» **DATA EXTRACT**
--------------------------------
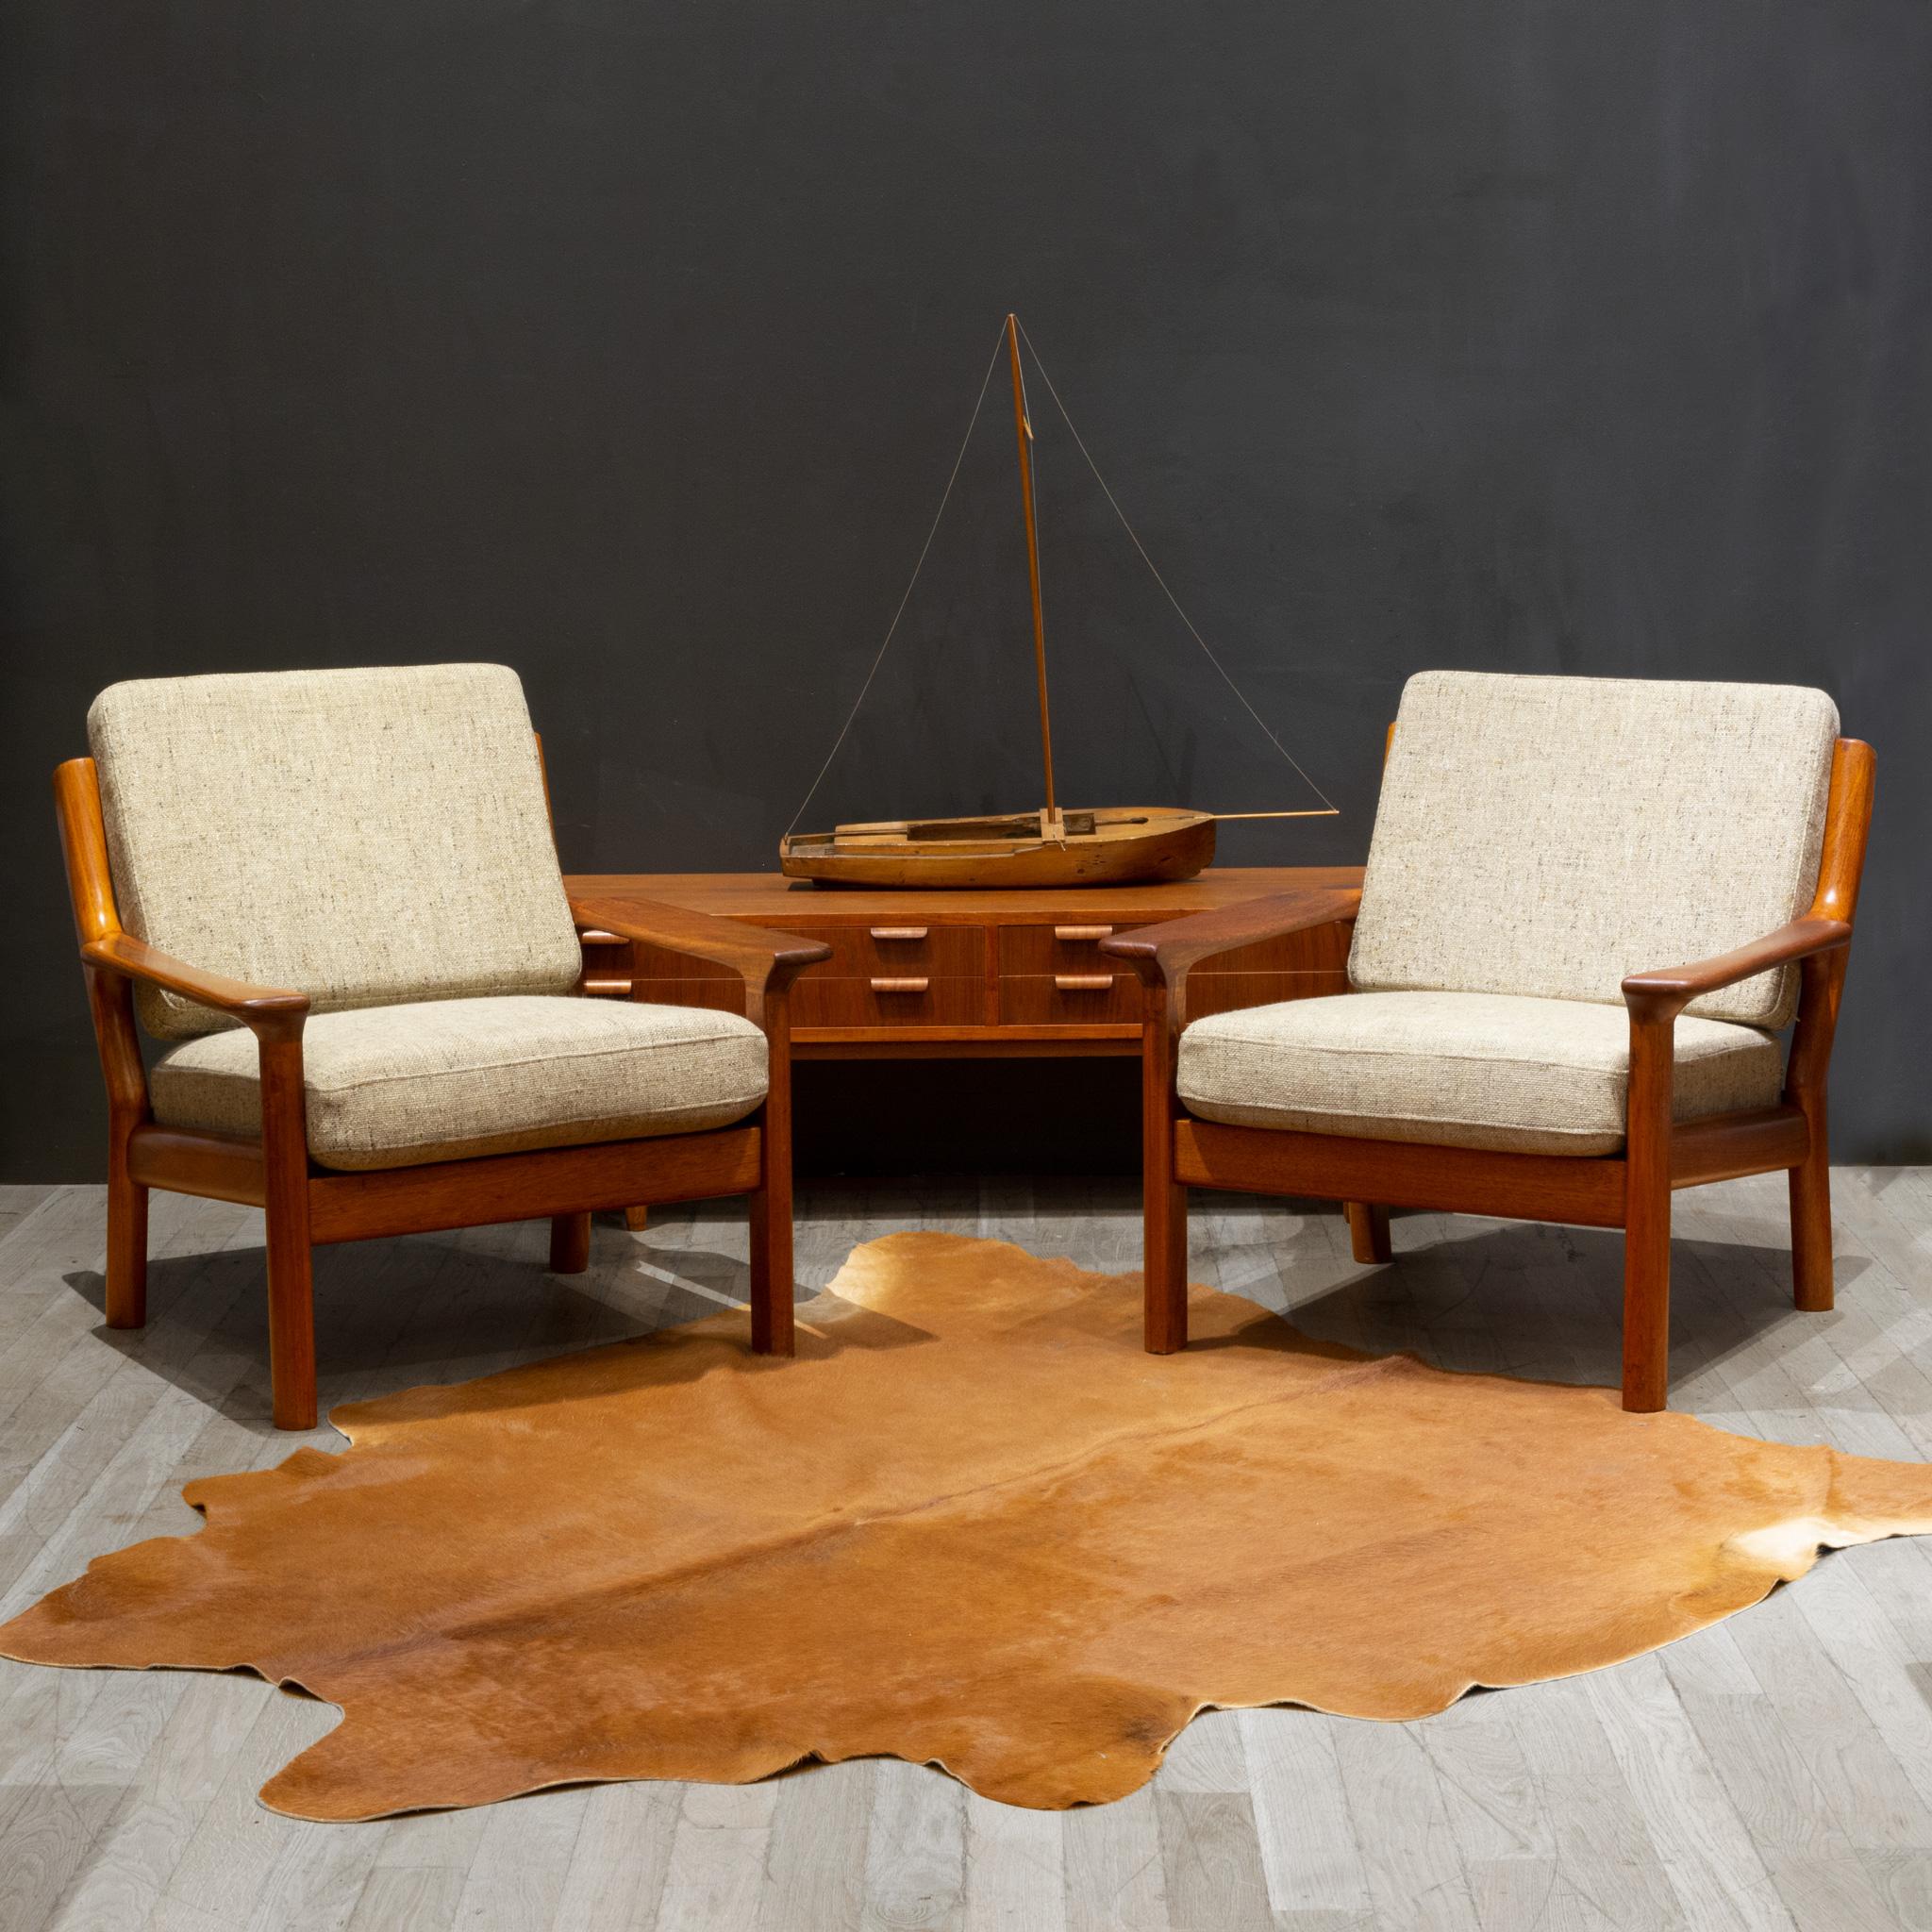 À PROPOS DE

Paire de chaises de salon Glostrup Mobelfabrik, Danemark, datant du milieu du siècle, avec des cadres organiques sculptés en teck massif. Tissu original. Les coussins d'assise ont été dotés d'une nouvelle mousse. Labels d'origine sur
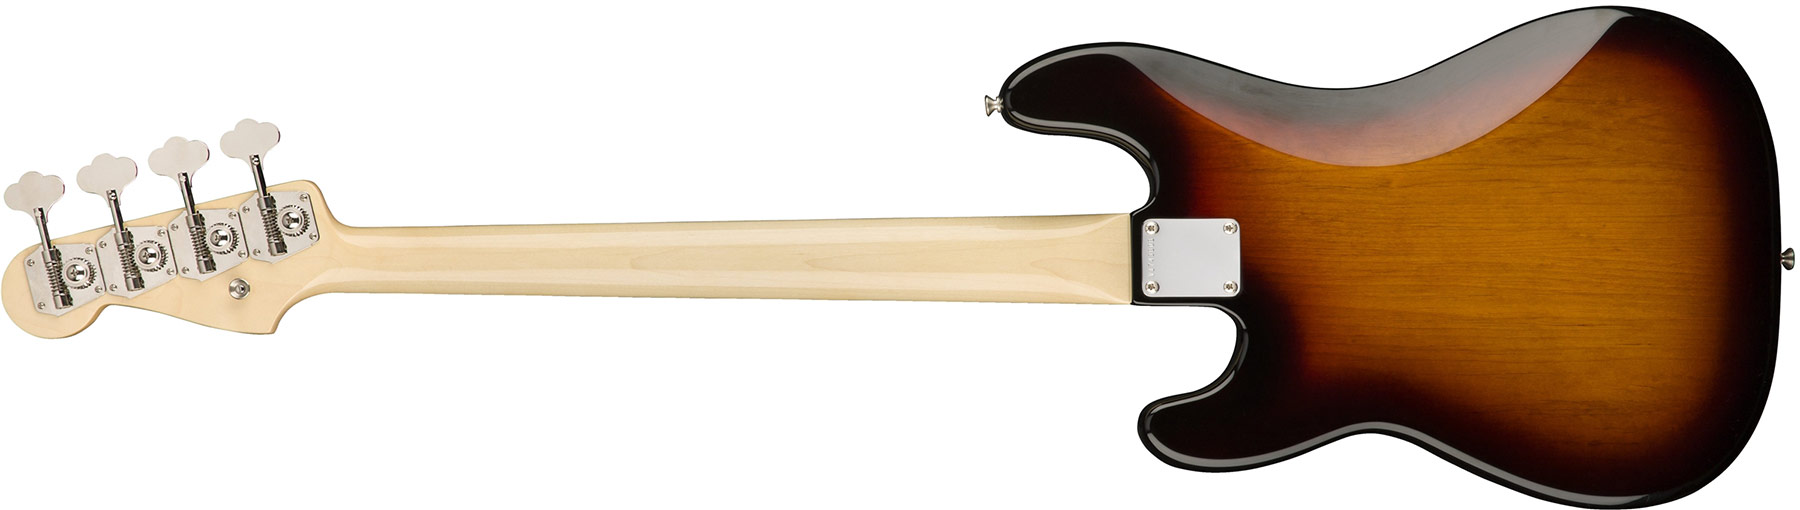 Fender Precision Bass '60s American Original Usa Rw - 3-color Sunburst - Solidbody E-bass - Variation 3
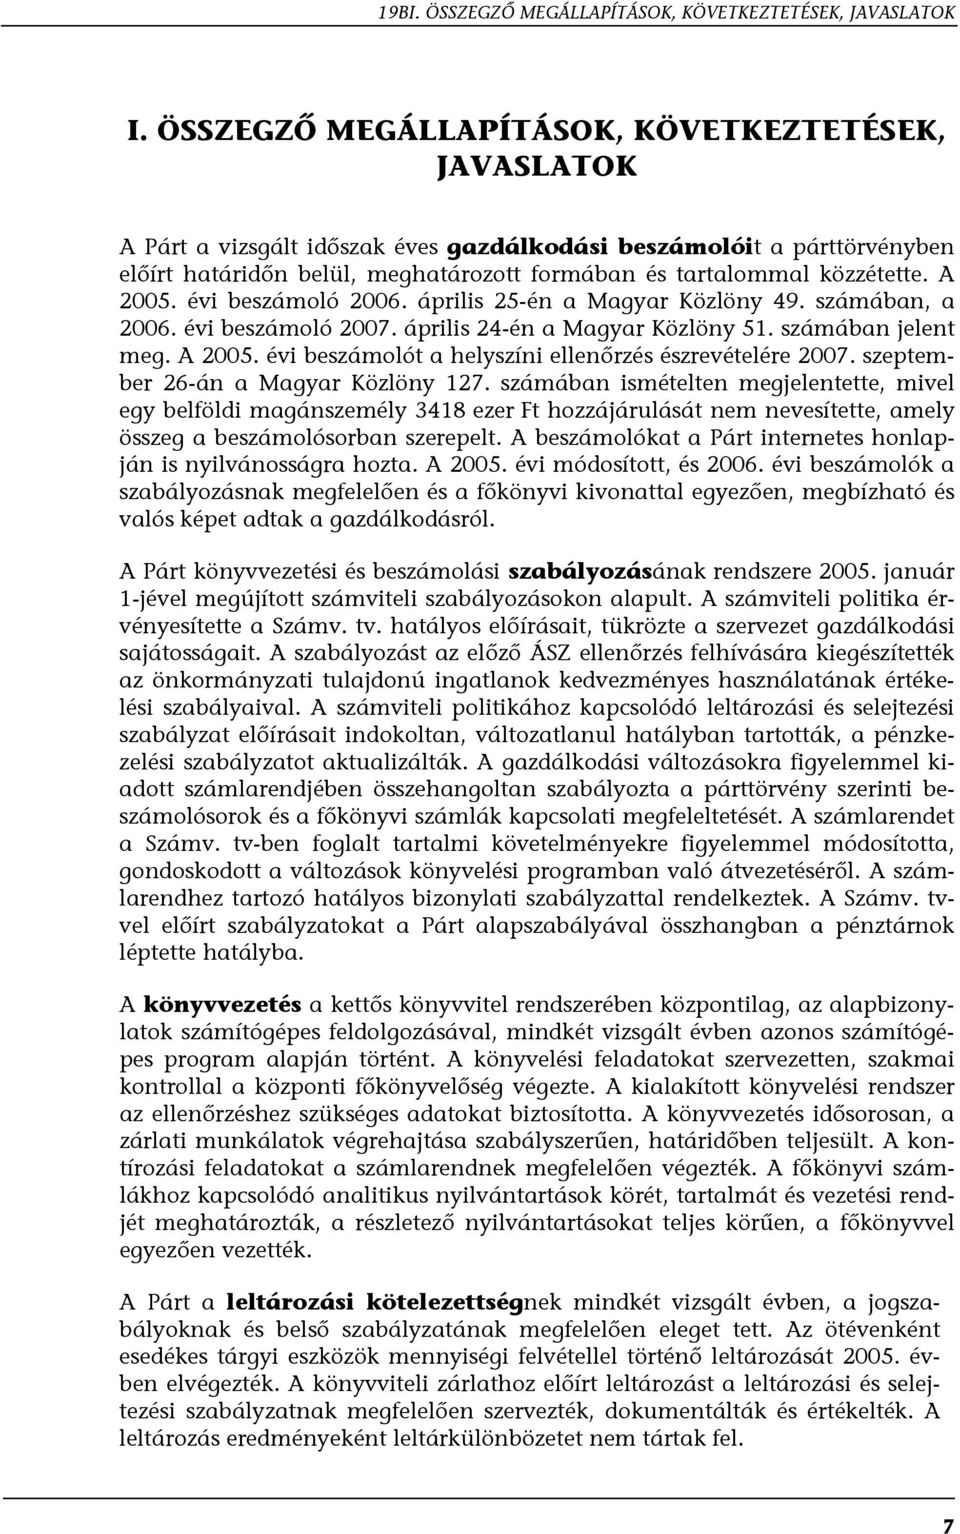 A 2005. évi beszámoló 2006. április 25-én a Magyar Közlöny 49. számában, a 2006. évi beszámoló 2007. április 24-én a Magyar Közlöny 51. számában jelent meg. A 2005.
--------------------------------
» **EXERCISE**
Line by line, give the material above again exactly, but without any pictures.

» **ANSWER FOR THE TASK**
 À PROPOS DE

Paire de chaises de salon Glostrup Mobelfabrik, Danemark, datant du milieu du siècle, avec des cadres organiques sculptés en teck massif. Tissu original. Les coussins d'assise ont été dotés d'une nouvelle mousse. Labels d'origine sur
 Fender Precision Bass '60s American Original Usa Rw - 3-color Sunburst - Solidbody E-bass - Variation 3
 A 2005. évi beszámoló 2006. április 25-én a Magyar Közlöny 49. számában, a 2006. évi beszámoló 2007. április 24-én a Magyar Közlöny 51. számában jelent meg. A 2005.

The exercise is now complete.